Now, when the year ends, it struck me that in this new year I’ll have my 30th anniversary for the first reporting system I made for a client. And at the same time, I have just passed the 10th anniversary for completing the course “The Data Scientist’s Toolbox” at Coursera.
“They always say time changes things, but you actually have to change them yourself” – Andy Warhol.
I guess this is true. Of course, things do change without your participation, but what matters is how you change with them.
These two events are both significant, but in different ways. Of course, there has been many other data and reporting related events both before, in between, and after these two, but right now, these stand out.
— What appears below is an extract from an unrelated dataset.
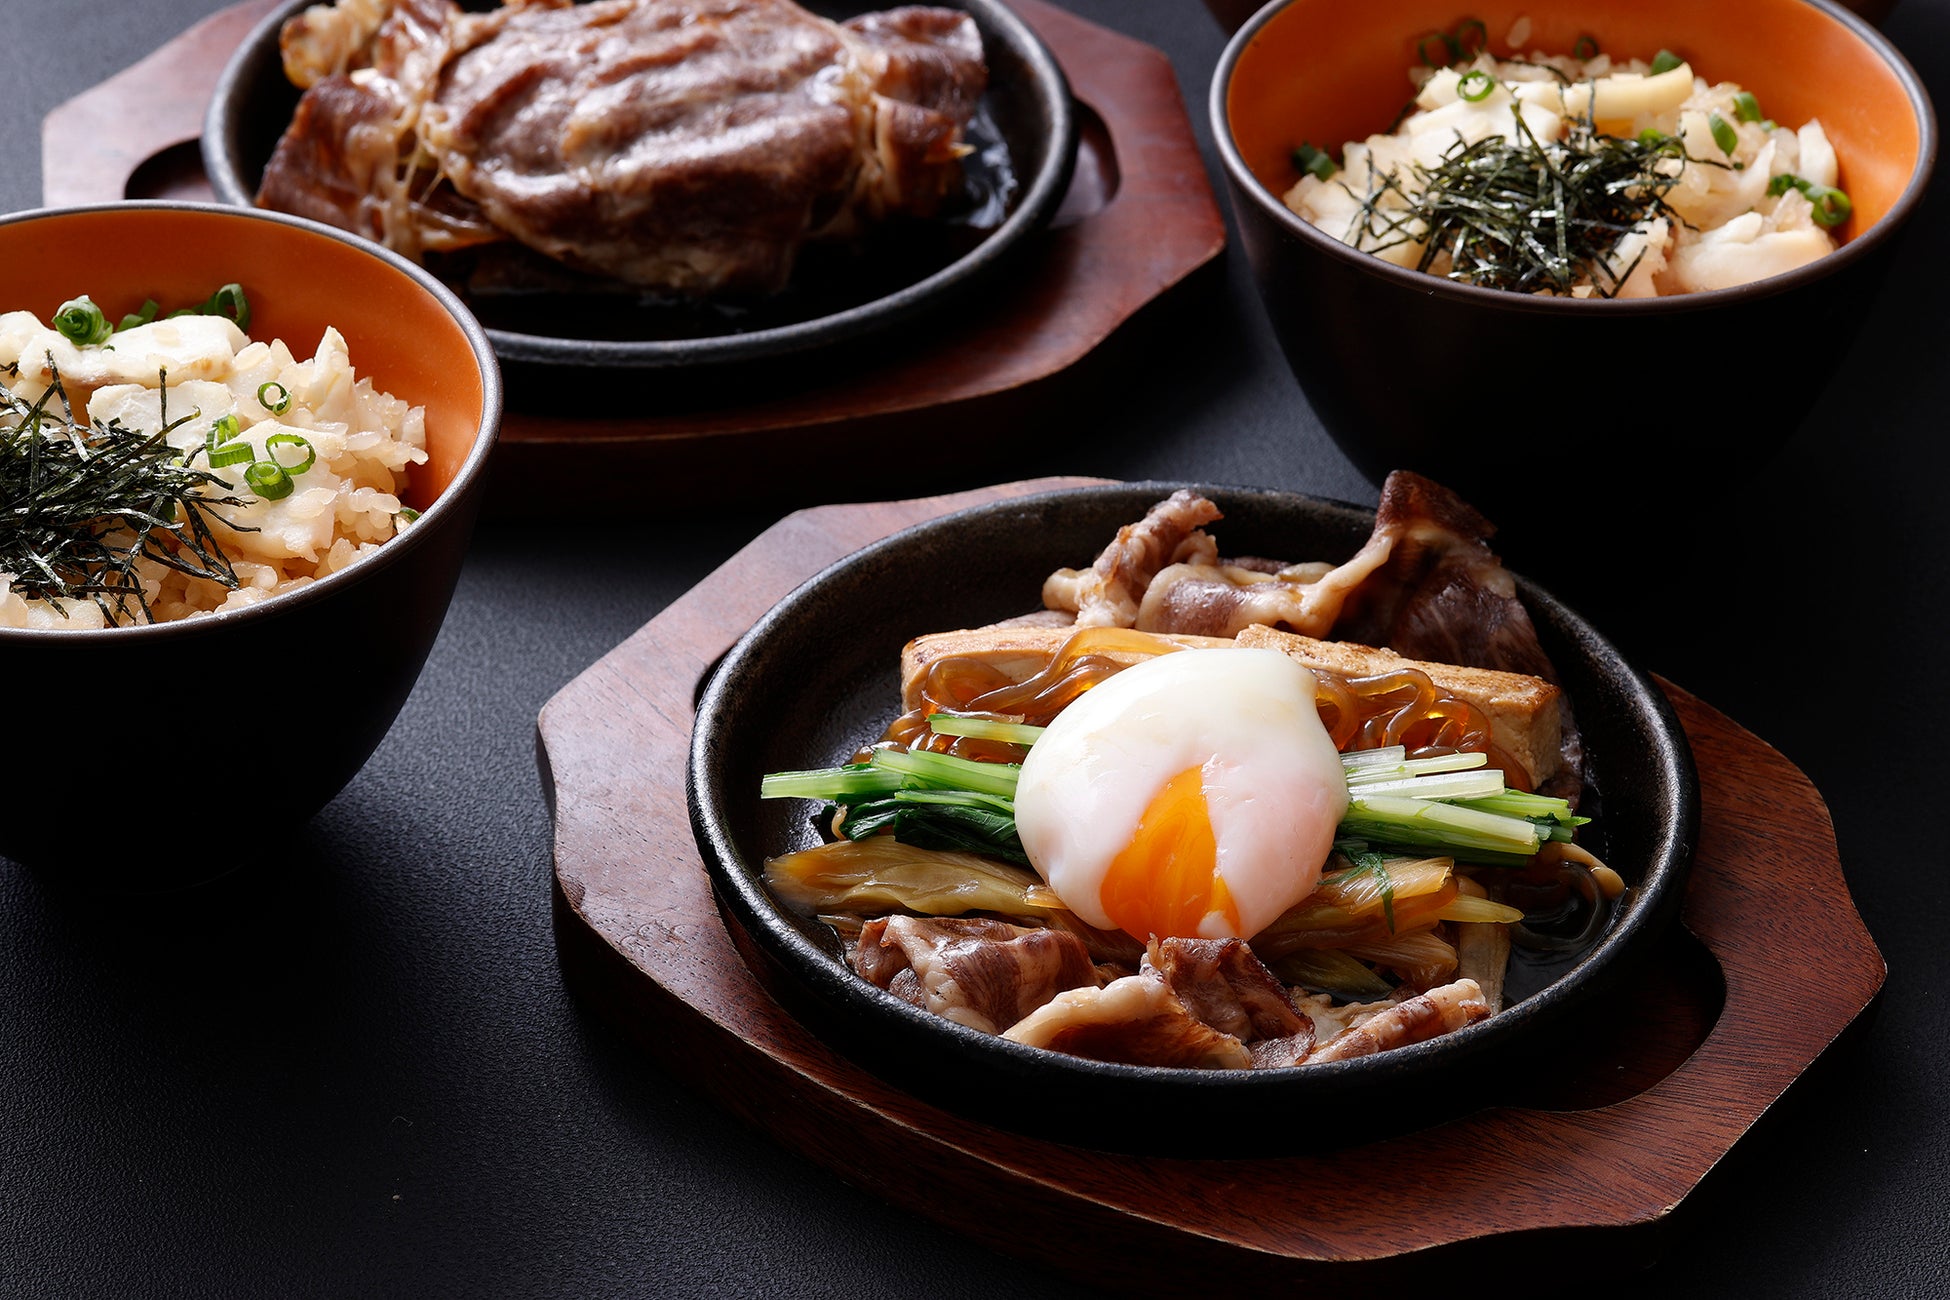 鉄板コーナーの日本の定番メニュー「すき焼き」と「真鯛の炊き込みご飯」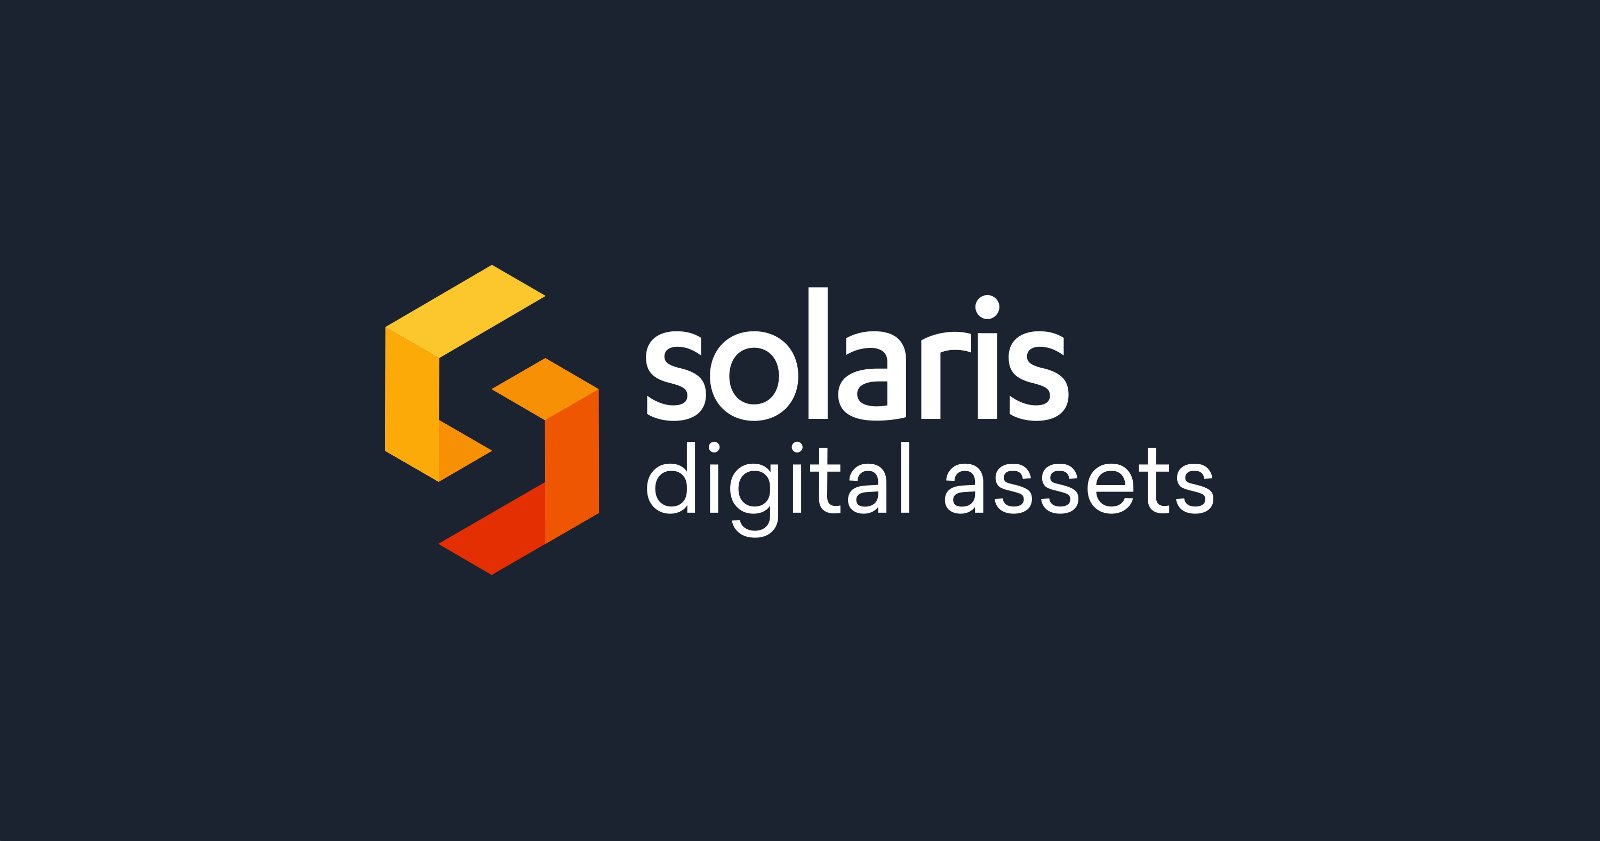 Die Berliner solarisBank will sich ganz auf Dienstleistungen rund um Bitcoin und Digitale Assets spezialisieren.

The oldest event marked the very first time I actually completed a full system to be used by ordinary users, not IT people. They were skilled in statistics and knew their data, but needed to learn about such things like the PC, Windows, and Microsoft Access – which I all taught them on a course, together with how to use the reporting system itself.
The back-end work was done by a colleague of mine, who made an automated script that extracted all the needed data from the Digital ISAM database, used by our Laboratory Information Management System. Through the primitive networks we had then, and using ODBC, I connected Access to the extracted data, and built a bunch of useful reports with aggregations and other treatments. That provided the laboratory technicians with valuable information for planning the work, as well as the information they would send back to the doctors who had ordered it.
It was valuable for them for their current needs at the time – but for me, it marked a beginning of thinking data reporting across several stages and different systems, combining the values of each into what the users experienced as a simple front-end product.


The most significant I learned from the Coursera course was the statistics language R, but the very concept of big data and an understanding of where data science had moved to, were also major gains from it.
I knew about big data before, as a concept, but I had not worked with it. And I may have heard about it before, but I didn’t really know what data science actually was – that type of study had not existed when I got my first education, and I had never worked with any people educated as Data Scientists.
Big data, 10 years ago, would fit into the 64 gigabytes of memory that R could handle. Of course, everybody knew that this was in the low end, but it was valid to talk about it as big data.
And Fast Forward to 2026
The changes around the use and reporting of data, and the analysis of it, keep going on, and there are some serious improvements made almost every year. But they do not look that significant when thinking back. 30 years ago, a bunch of people in a laboratory were happy to get some reports, and I could imagine how a similar bunch of people would be just as happy to get some similar reports today, if these reports contained what they needed.
And you can still do a lot of analysis on 64 gigabytes of data. Even though there are much bigger databases available, not all analyses need to use all the data, so that 10-year-old course is actually still useful and valid.
We tend to talk about time vs IT, and time vs data, as if the world is a new one every few years, requiring new technologies, new software, and new buzzwords. But in reality, life is mostly the same – jobs are mostly similar – and, hence, the needs are close to identical to what they have been through the times.
So, my advice to all readers: don’t be too focused on all the new tech. At least not because you believe that it is necessary, because it probably isn’t. It might be interesting to study and work with, and it is easy to get bitten by the idea of being at a cutting-edge level all the time, always using the newest. But the users don’t care much about that – they just want the data and insights they need.
May 2026 bring you prosperity, happiness and joy!